Provided data ->
══════════
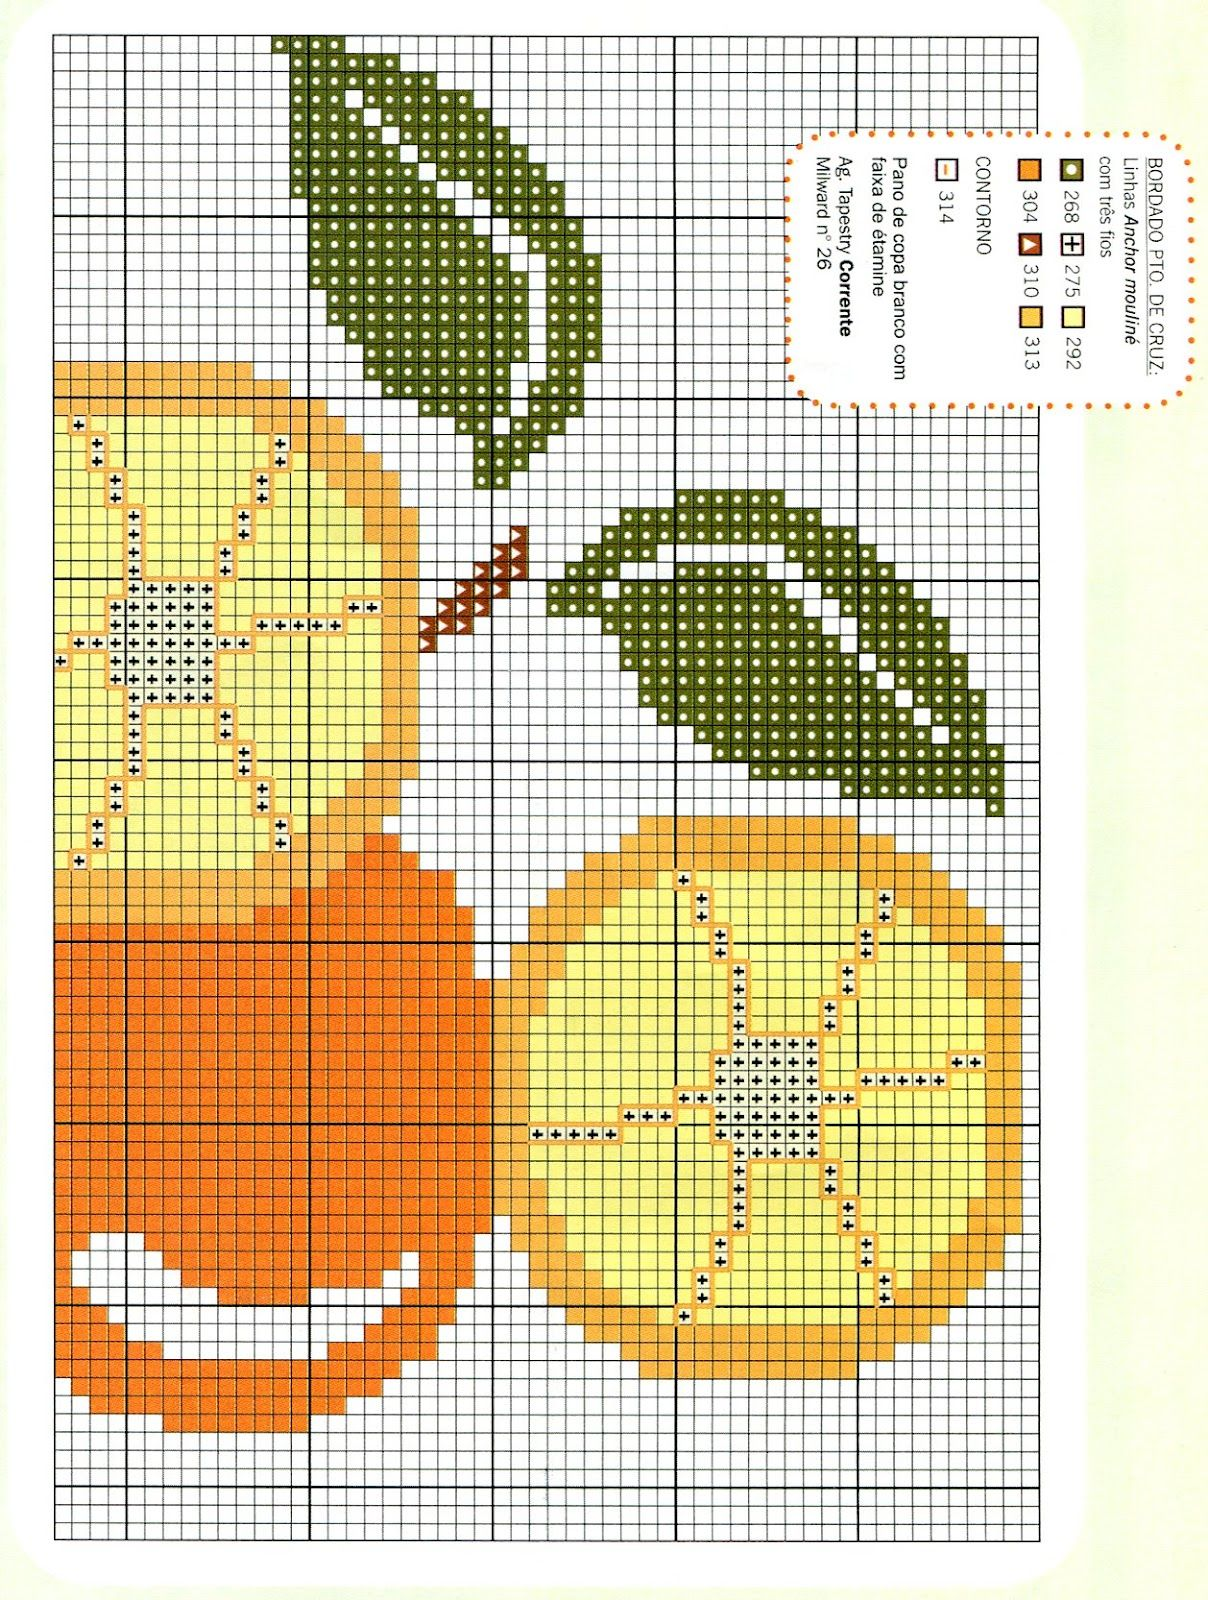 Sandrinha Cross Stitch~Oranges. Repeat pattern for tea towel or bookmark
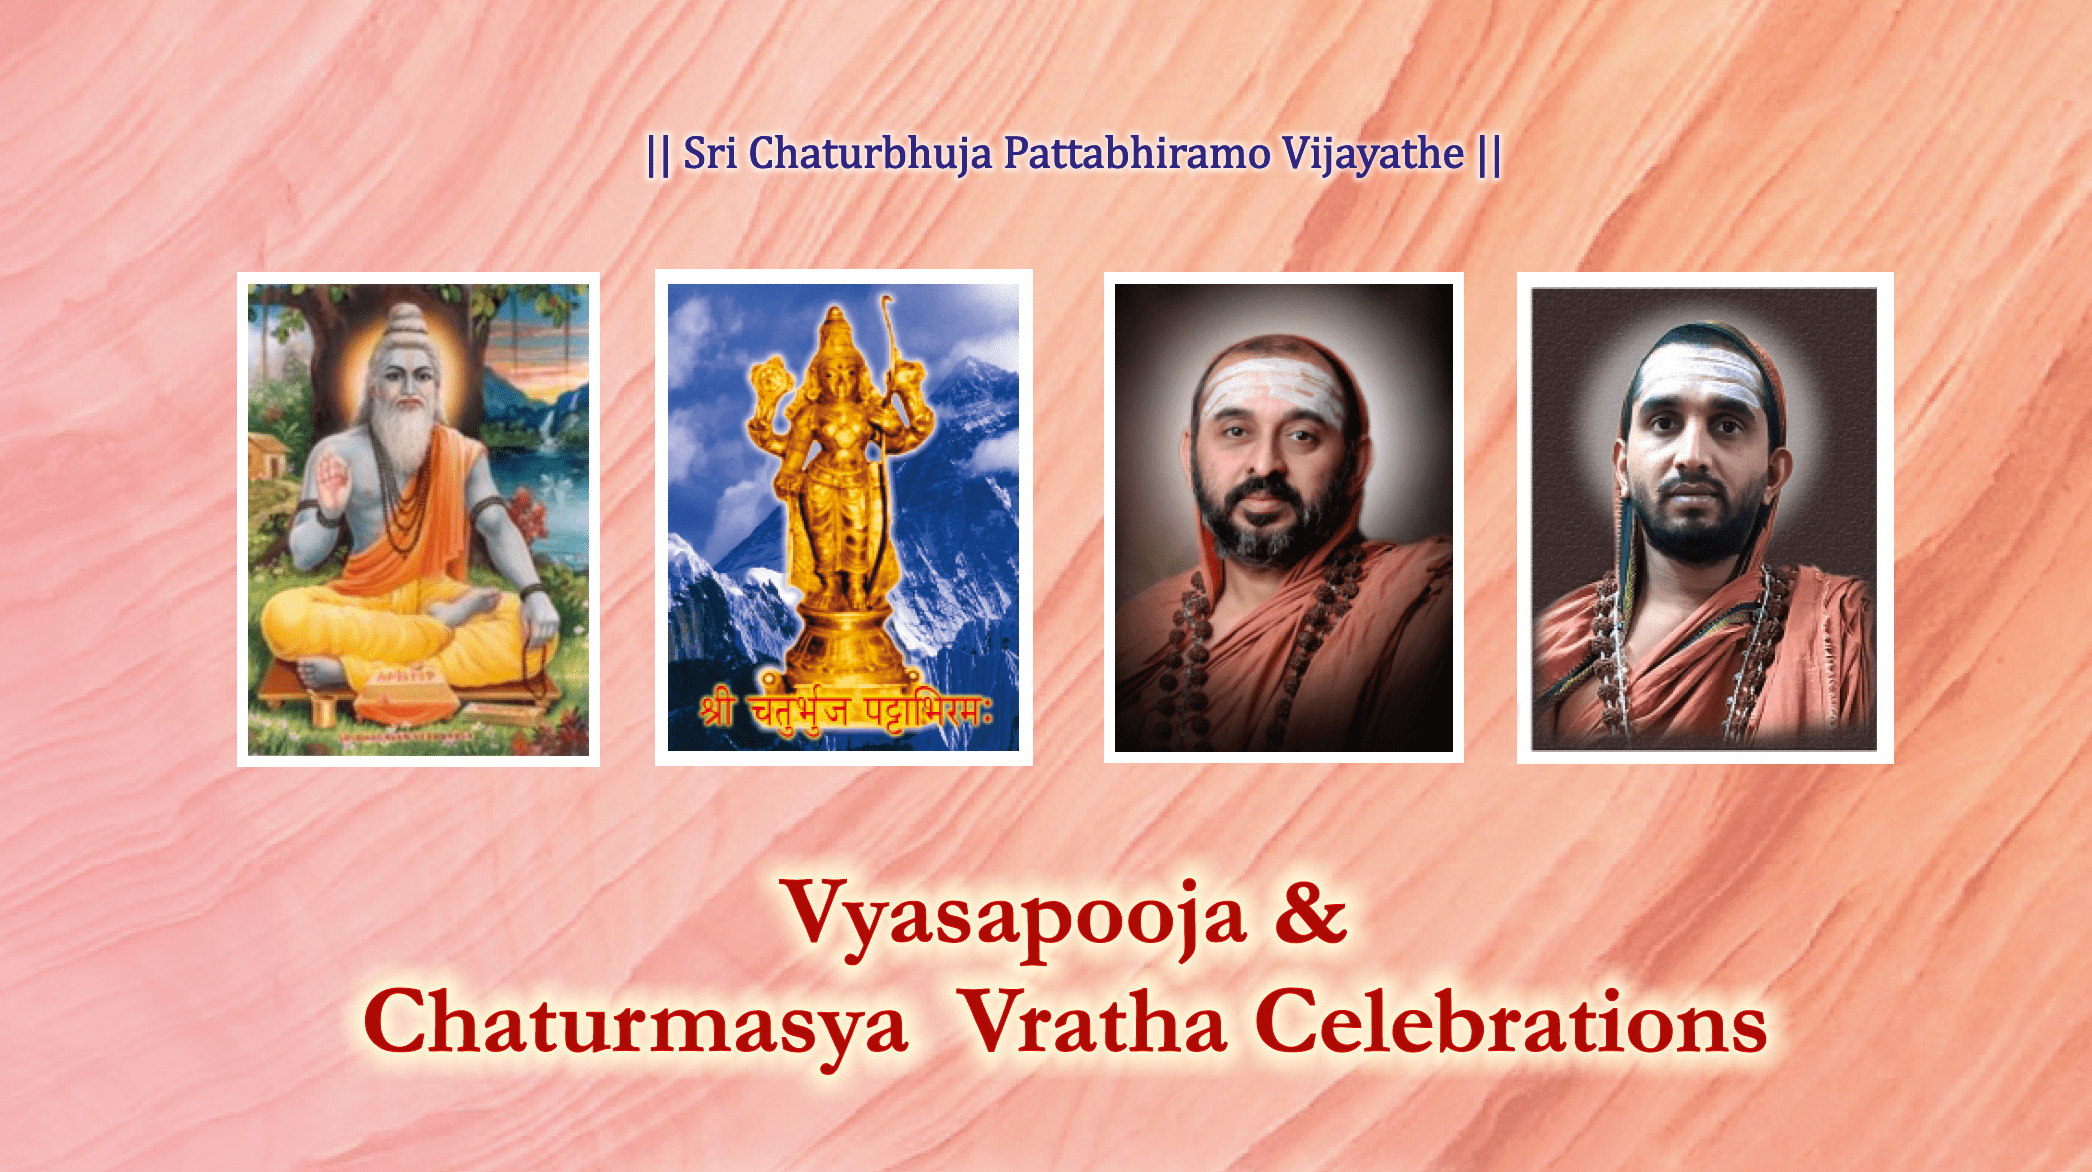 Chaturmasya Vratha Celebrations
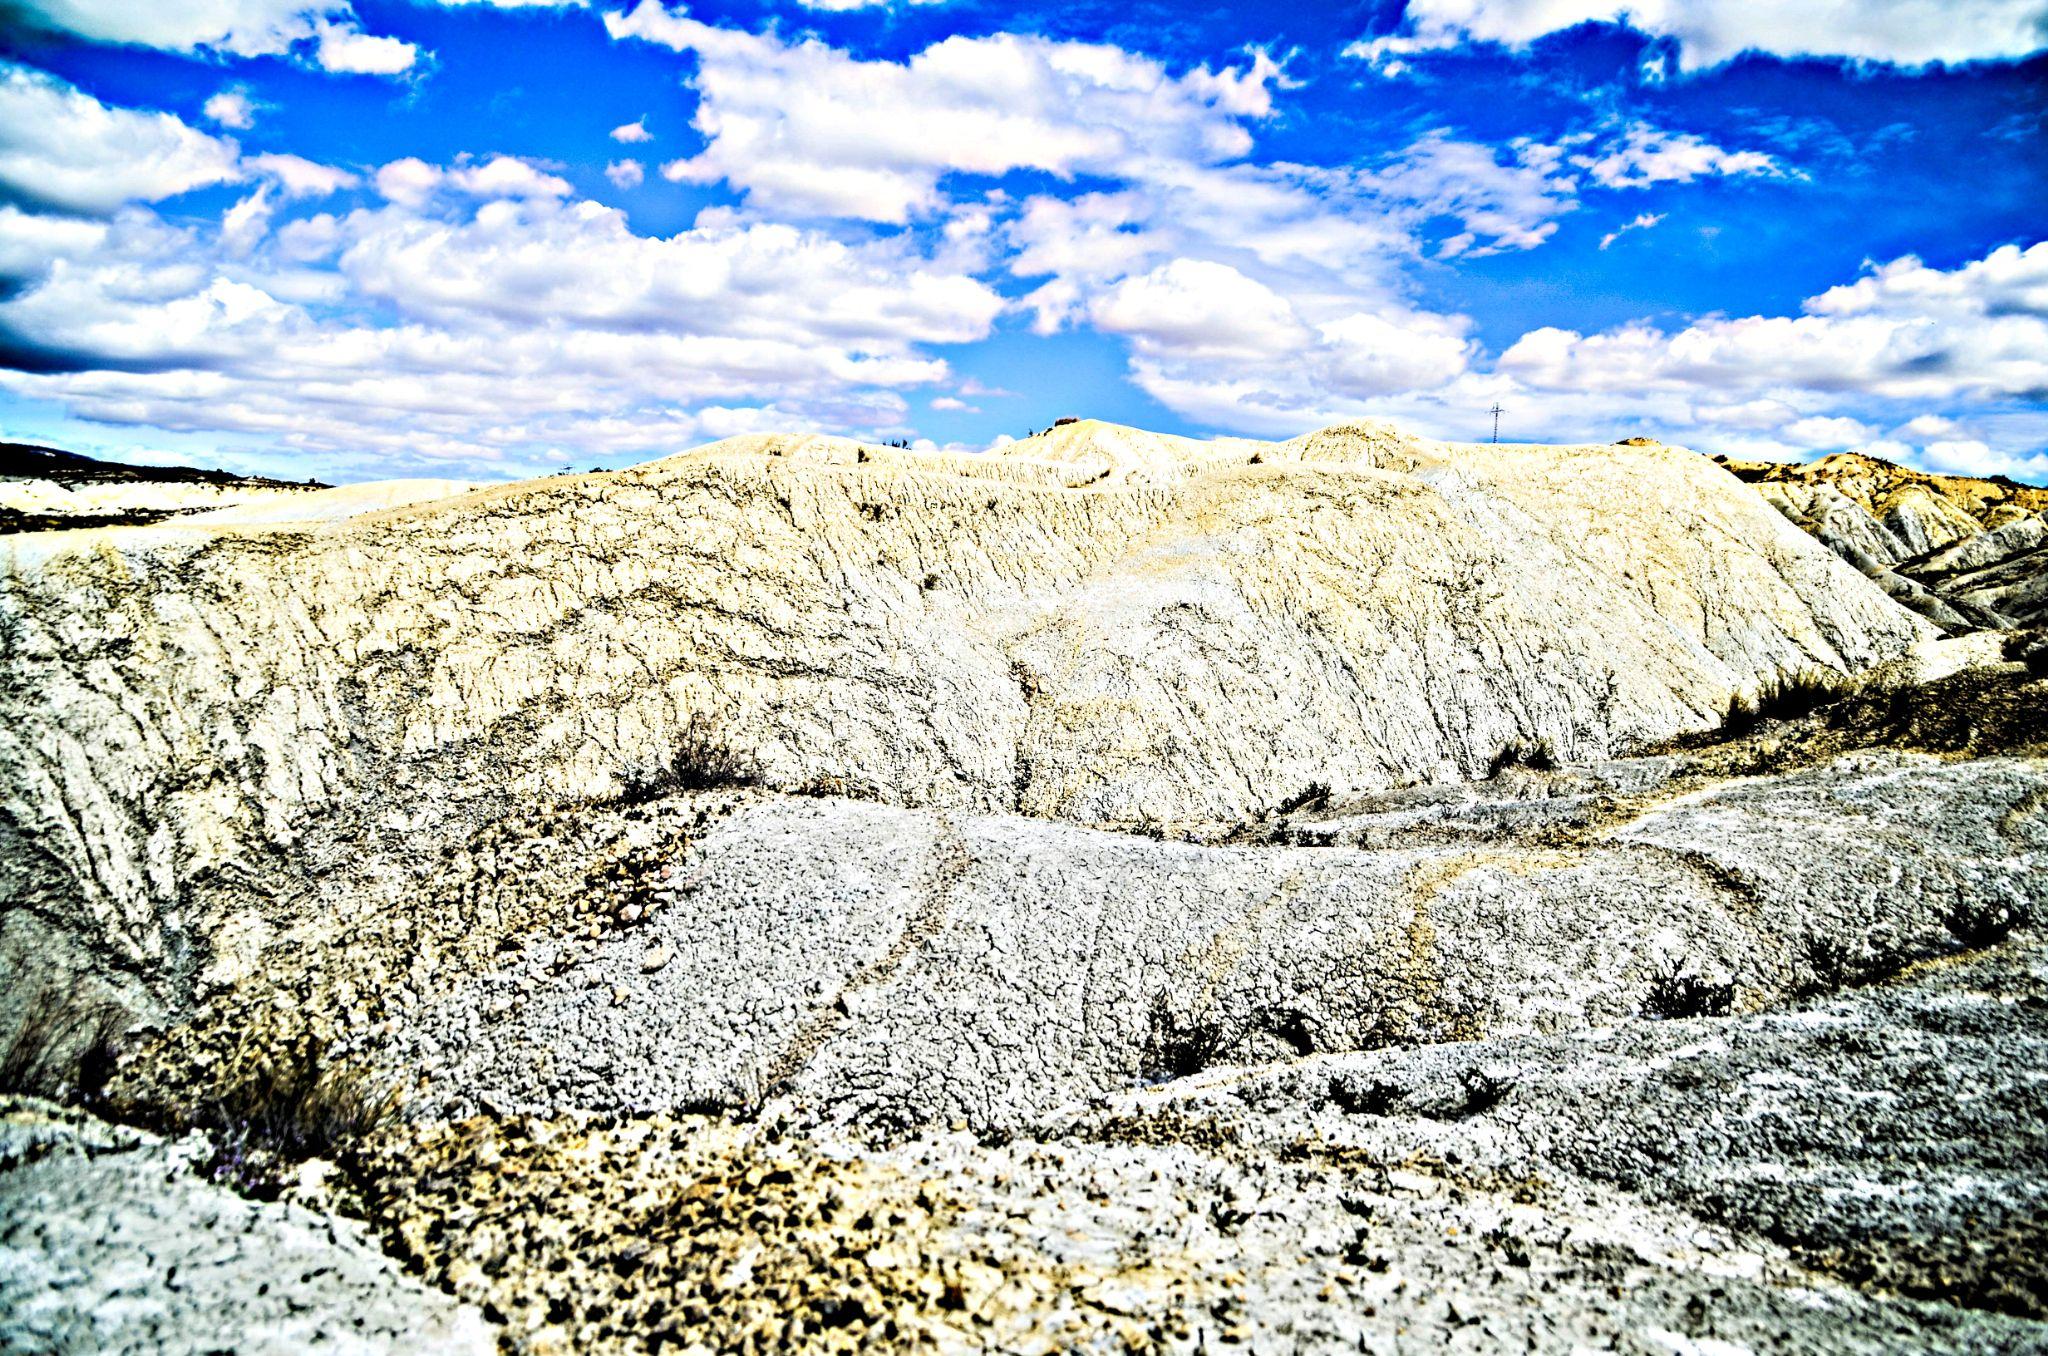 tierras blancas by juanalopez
══════════
Problem requirements -> Starting at the line that holds "Chaturmasya Vratha Celebrations", copy each line exactly through the end of the listing, both ends included. Leave the pictures out.

Written answer ->
 Chaturmasya Vratha Celebrations
 tierras blancas by juanalopez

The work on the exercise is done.